Many EOS® companies have IDS sessions that drag because the leadership team is conflict-avoidant or because one person dominates. No model fixes that. The Implementer (the EOS® Implementer® coaching the team) is still the person who works on team health. The model removes friction. The Implementer changes culture.
If your IDS is broken because the team will not have hard conversations, do not buy an agent. Get coaching first. Add the agent when the team is ready to use the time.
FAQ
Should the model write the Issue statement? Yes, often. Many Issues are sloppy when first written. Having Claude or ChatGPT rewrite the Issue in a single sharp sentence before IDS makes Identify faster. The original author always confirms.
Can the model propose Solves? Cautiously. After the team has Identified and Discussed, asking the model "what would you propose as a Solve" can produce useful starting material. The team owns the decision. Never let the model's proposal be the Solve unless the team has actively chosen it.

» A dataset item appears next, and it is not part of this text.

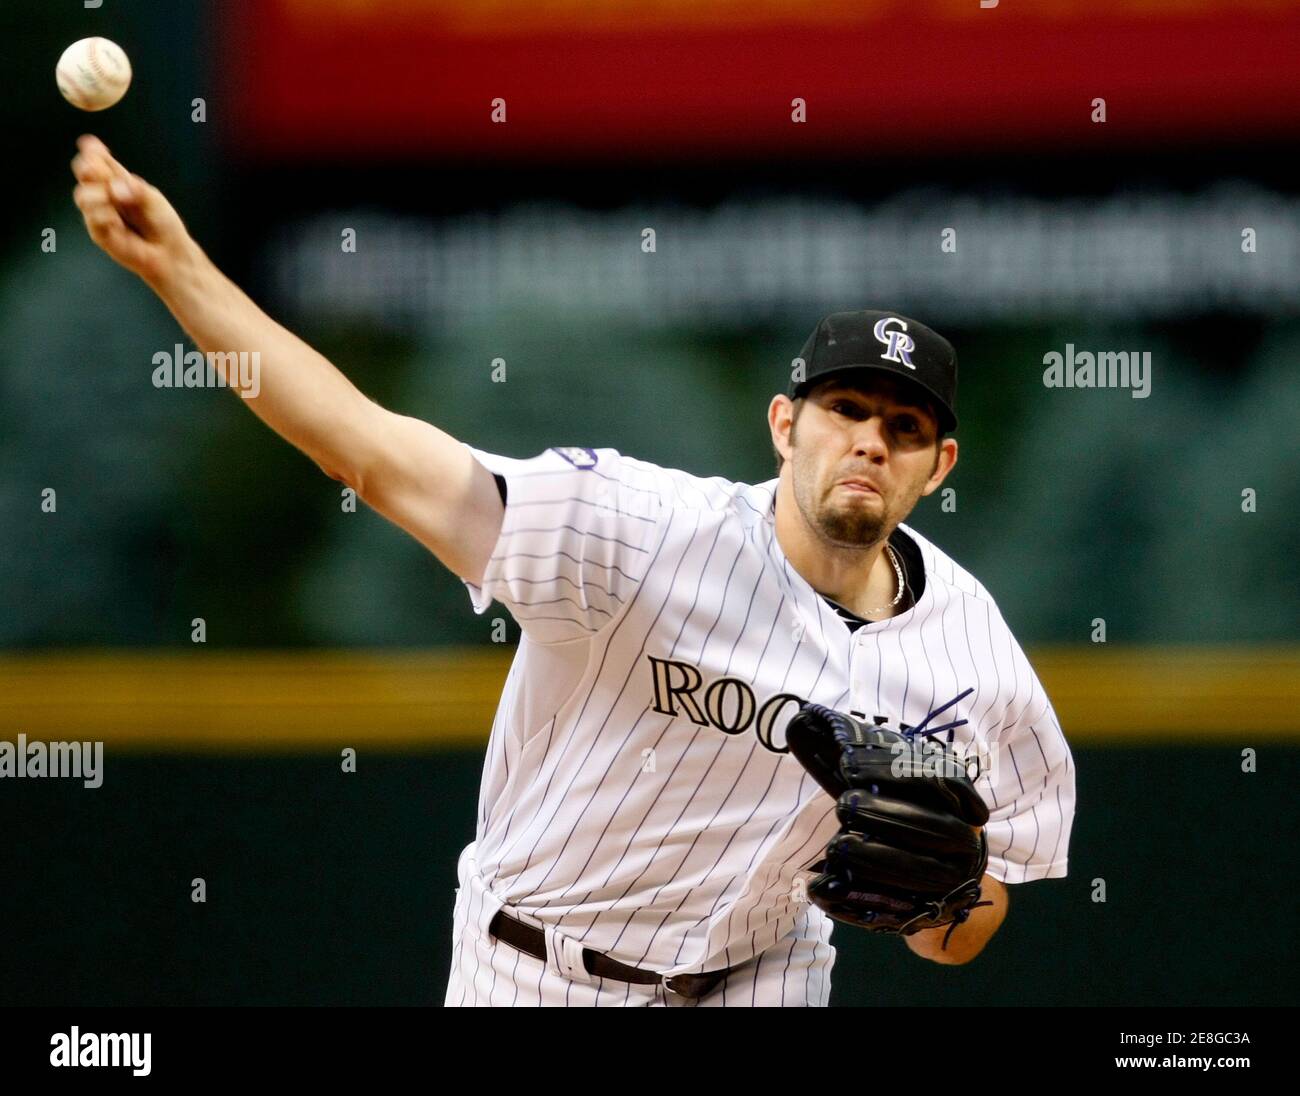 Colorado Rockies starting pitcher Jason Hammel throws in the first inning of their MLB baseball game against the Toronto Blue Jays in Denver June 12, 2010. REUTERS/Rick Wilking (UNITED STATES - Tags: SPORT BASEBALL) Stock Photo

What about Issues that contain confidential or personnel matter? Use enterprise tiers of Claude or ChatGPT with no training on customer data. Document a policy. Personnel-related IDS should still happen in the room, with the model not in the conversation.
EOS®, Entrepreneurial Operating System®, V/TO™, Level 10 Meeting®, L10®, IDS, Issues List, Rocks™, Scorecard, and EOS® Implementer® are concepts and trademarks of EOS Worldwide, LLC. This article is an independent practitioner perspective and is not affiliated with or endorsed by EOS Worldwide.